The wall confronting large language models

(arxiv.org)

170 points PaulHoule | 2 comments | 03 Sep 25 11:40 UTC | HN request time: 0s | source

Show context

measurablefunc ◴[03 Sep 25 20:29 UTC] No.45120049[source]▶

There is a formal extensional equivalence between Markov chains & LLMs but the only person who seems to be saying anything about this is Gary Marcus. He is constantly making the point that symbolic understanding can not be reduced to a probabilistic computation regardless of how large the graph gets it will still be missing basic stuff like backtracking (which is available in programming languages like Prolog). I think that Gary is right on basically all counts. Probabilistic generative models are fun but no amount of probabilistic sequence generation can be a substitute for logical reasoning.

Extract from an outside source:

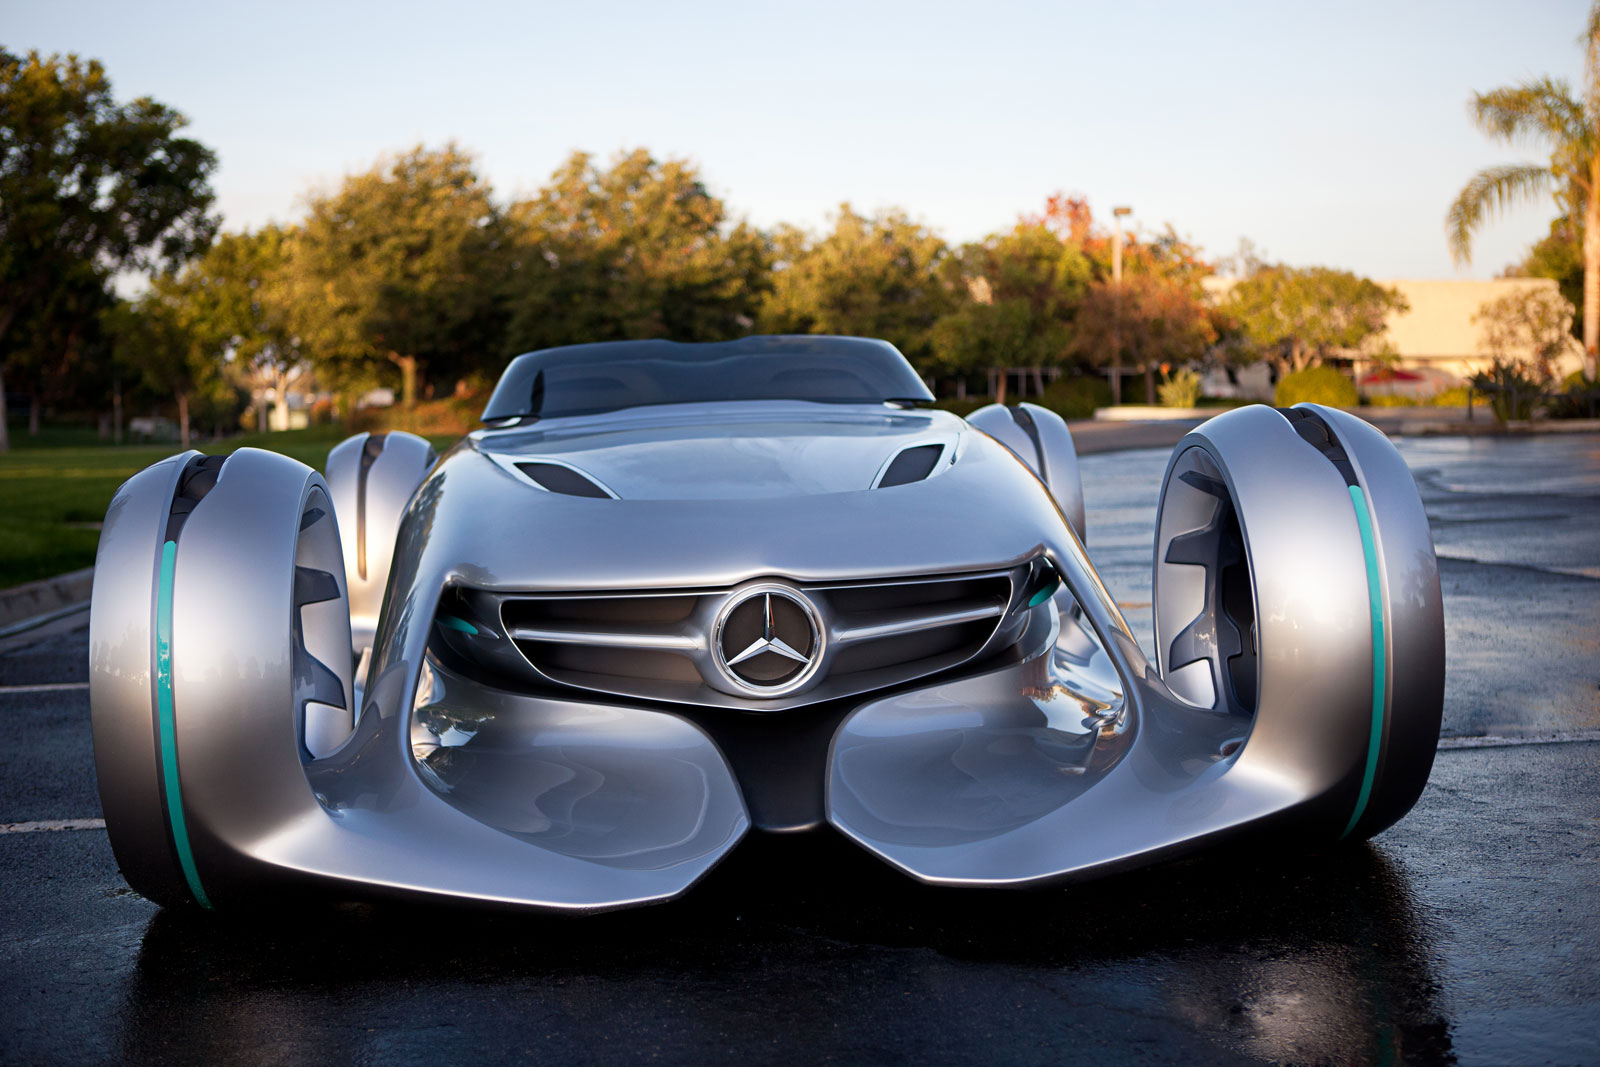 2012 Mercedes Benz Silver Arrow Concept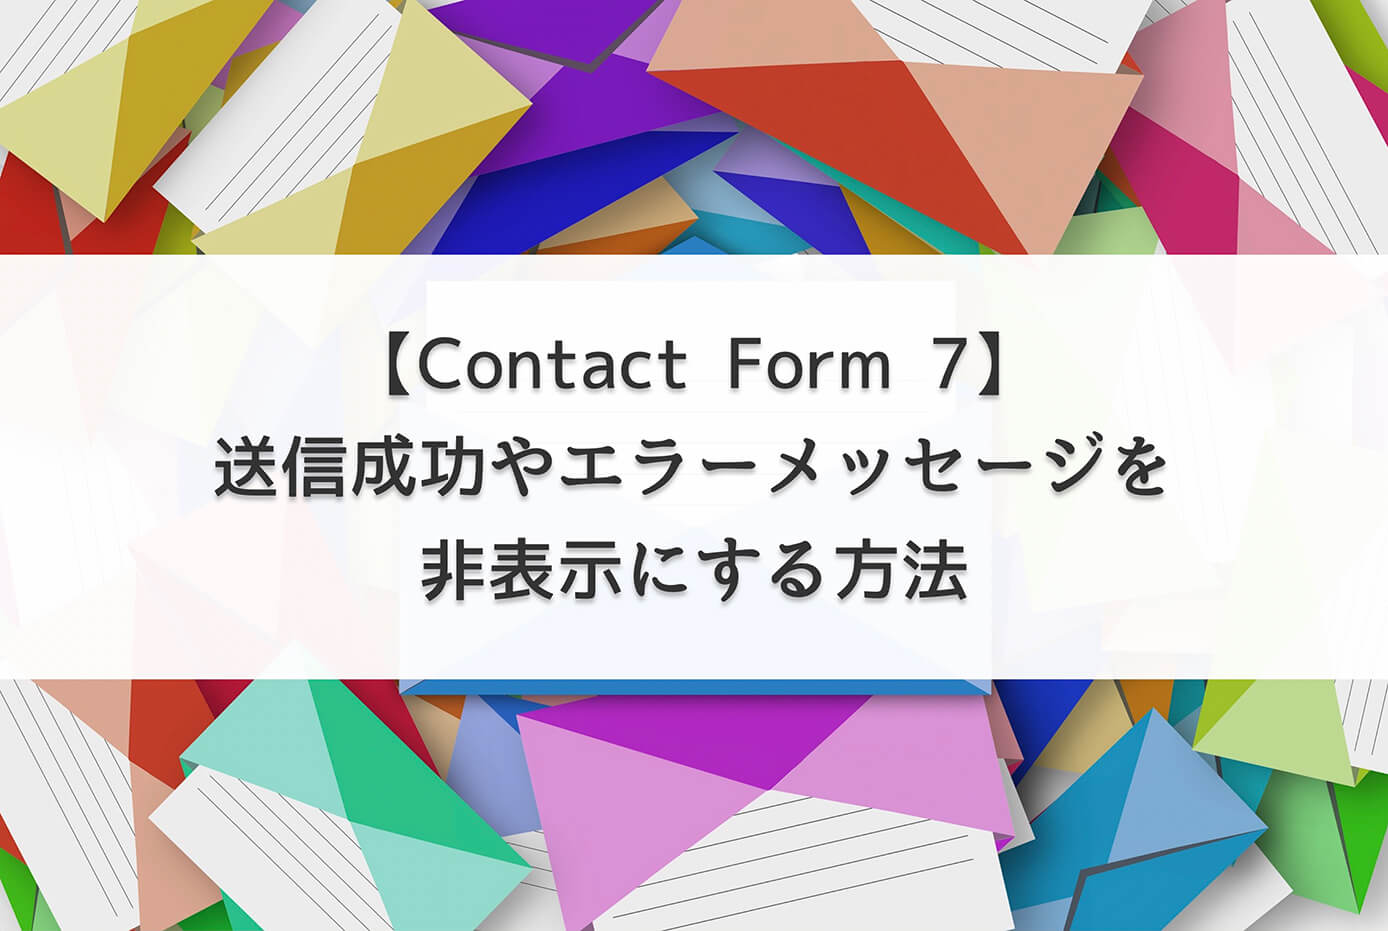 【Contact Form 7】送信成功やエラーメッセージを非表示にする方法

replies(16): >>45120249 #>>45120259 #>>45120415 #>>45120573 #>>45120628 #>>45121159 #>>45121215 #>>45122702 #>>45122805 #>>45123808 #>>45123989 #>>45125478 #>>45125935 #>>45129038 #>>45130942 #>>45131644 #

Anon84 ◴[03 Sep 25 21:31 UTC] No.45120628[source]▶

>>45120049 #

There definitely is, but Marcus is not the only one talking about it. For example, we covered this paper in one of our internal journal clubs a few weeks ago: https://arxiv.org/abs/2410.02724

replies(1): >>45122852 #

godelski ◴[04 Sep 25 02:31 UTC] No.45122852[source]▶

>>45120628 #

I just want to highlight this comment and stress how big of a field ML actually is. I think even much bigger than most people in ML research even know. It's really unfortunate that the hype has grown so much that even in the research community these areas are being overshadowed and even dismissed[0]. It's been interesting watching this evolution and how we're reapproaching symbolic reasoning while avoiding that phrase.

There's lots of people doing theory in ML and a lot of these people are making strides which others stand on (ViT and DDPM are great examples of this). But I never expect these works to get into the public eye as the barrier to entry tends to be much higher[1]. But they certainly should be something more ML researchers are looking at.

That is to say: Marcus is far from alone. He's just loud

[0] I'll never let go how Yi Tay said "fuck theorists" and just spent his time on Twitter calling the KAN paper garbage instead of making any actual critique. There seems to be too many who are happy to let the black box remain a black box because low level research has yet to accumulate to the point it can fully explain an LLM.

[1] You get tons of comments like this (the math being referenced is pretty basic, comparatively. Even if more advanced than what most people are familiar with) https://news.ycombinator.com/item?id=45052227

replies(2): >>45124050 #>>45125796 #

calf ◴[04 Sep 25 06:02 UTC] No.45124050[source]▶

>>45122852 #

I hazard to imagine that LLMs are a special subset of Markov chains, and this subset has interesting properties; it seems a bit reductive to dismiss LLMs as "merely' Markov chains. It's what we can do with this unusual subset (e.g. maybe incorporate in a larger AI system) that is the interesting question.

replies(1): >>45124319 #

measurablefunc ◴[04 Sep 25 06:47 UTC] No.45124319[source]▶

>>45124050 #

You don't have to imagine, there is a logically rigorous argument¹ that establishes the equivalence. There is also nothing unusual about neural networks or Markov chains. You've just been mystified by the marketing around them so you think there is something special about them when they're just another algorithm for approximating different kinds of compressible signals & observations about the real world.

¹https://markov.dk.workers.dev/

replies(1): >>45133873 #

calf ◴[05 Sep 25 00:45 UTC] No.45133873[source]▶

>>45124319 #

I'll have you realize you are replying (quite arrogantly by the way) to someone who wrote part of their PhD dissertation on models of computation. Try again :)

Besides, it is patently false. Not every Markov chain is an LLM, an actual LLM outputs human-readable English, while the vast majority of Markov chains do not map onto that set of models.

replies(1): >>45134747 #

measurablefunc ◴[05 Sep 25 03:29 UTC] No.45134747[source]▶

>>45133873 #

Appeals to authority do not change the logical content of an argument. You are welcome to point to the part of the linked argument that is incorrect & present a counter-example to demonstrate the error.

replies(1): >>45136257 #

godelski ◴[05 Sep 25 08:23 UTC] No.45136257[source]▶

>>45134747 #

Calf isn't making an appeal to authority. They are saying "I'm not the idiot you think I am." Two very different things. Likely also a request to talk more mathy to them.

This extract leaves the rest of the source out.